The problem: a protected endpoint that keeps returning 401

Almost every real web API behind a login wants you to prove who you are before it hands back data, and in Unreal that usually means setting the HTTP request authorization header. Get the bearer token wrong, forget to Base64-encode a Basic credential, or send your API key under the header name the service doesn't expect, and the call comes back as a 401 or 403 with no useful response body to debug from.

Doing this by hand in Blueprint is fiddly. The engine's HTTP module is C++-first, so you end up promoting variables, building string maps, and concatenating 'Bearer ' onto a token while hoping the spacing is right. EasyHTTP removes that step. It is a Blueprint-friendly HTTP plugin that wraps the engine's HTTP module and ships dedicated helper builders for the common authentication schemes, so the header is constructed correctly for you.

This tutorial walks through all four auth schemes EasyHTTP supports, with the exact nodes to wire up. Everything here uses the plugin's FEasyHTTPRequestOptions struct and the 'Make Options With...' builders, which you feed into an 'Easy HTTP Request' node or one of the async request nodes.

The four auth schemes EasyHTTP supports

EasyHTTP models authentication with the EEasyHTTPAuthType enum, which has five values: None, Basic, Bearer, ApiKey, and Custom. None is the default and sends no auth header at all. The other four each correspond to a way of putting credentials on the request, and three of them have a one-shot builder node that returns a fully populated FEasyHTTPRequestOptions struct.

The three builders are 'Make Options With Bearer Token' (MakeOptionsWithBearerToken), 'Make Options With Basic Auth' (MakeOptionsWithBasicAuth), and 'Make Options With Api Key' (MakeOptionsWithApiKey). Each one starts from sensible defaults and sets the Authentication field on the options for you, so you do not have to understand the internals of the struct to get a working authenticated request.

The fifth scheme, Custom, is for cases the builders don't cover, such as an HMAC-signed header. There you build a plain options struct and add your own header by hand with 'Add Header To Options'. We'll cover that at the end. In every case the Options pin on the request node is under Advanced Display, so click the small arrow at the bottom of the node to reveal it before you connect your builder output.

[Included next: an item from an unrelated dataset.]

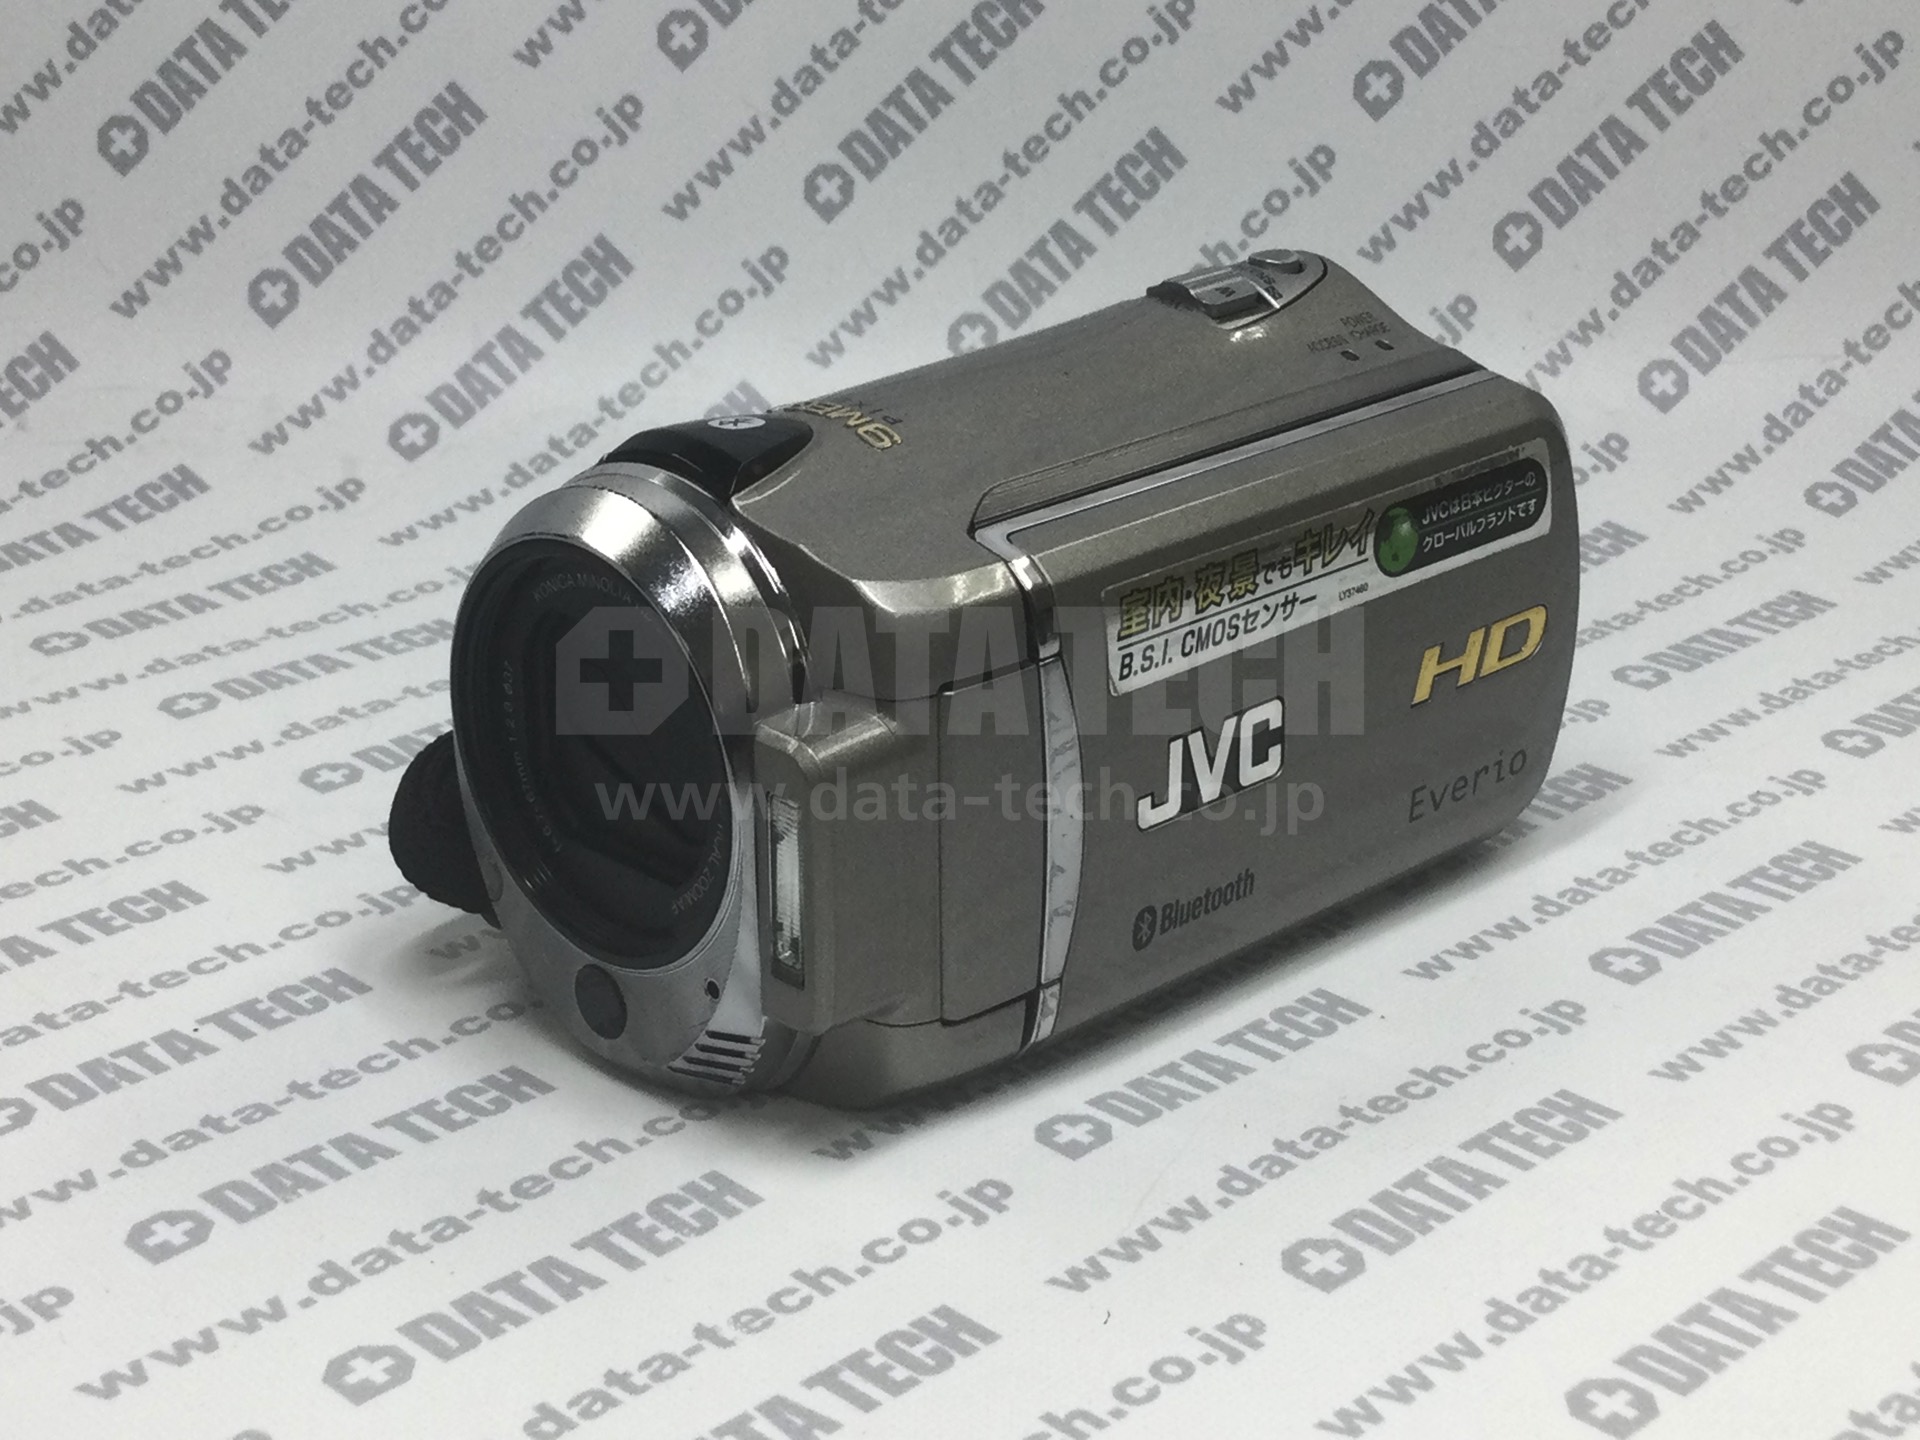 データ復旧 成功実績】ビデオカメラ JVC Victor GZ-HM570-S 液晶画面が

Bearer token auth for JWT and OAuth

Bearer is the scheme you want for JWT access tokens and OAuth-style APIs. It produces an 'Authorization: Bearer ...' header, where the value is the token string exactly as the auth server gave it to you. This is the unreal engine http request authorization header bearer token pattern most modern REST services expect.

1. In your Blueprint graph, right-click and add the 'Make Options With Bearer Token' node.

2. Connect the access token you received from your login or OAuth flow to its Token input. Do not prepend 'Bearer ' yourself; the builder adds the scheme prefix, so you pass only the raw token.

3. Add an 'Easy HTTP Request' node (or 'Async HTTP Request' if you want separate On Success and On Failure execution pins), set the URL to your protected endpoint, and choose the Method from the dropdown.

4. Expand the node's Advanced Display and connect the FEasyHTTPRequestOptions output of the builder into the request's Options pin.

5. Handle the result by breaking the FEasyHTTPResponse: check bSuccess, read StatusCode, and parse Content. For JSON, feed Content into the engine's built-in 'Json String to Struct' to fill a USTRUCT.

Because the token is just a string, this also covers short-lived tokens: when one expires, rebuild the options with the refreshed token before your next call. If you need extra headers alongside the bearer token, chain 'Add Header To Options' off the builder output before it reaches the request node.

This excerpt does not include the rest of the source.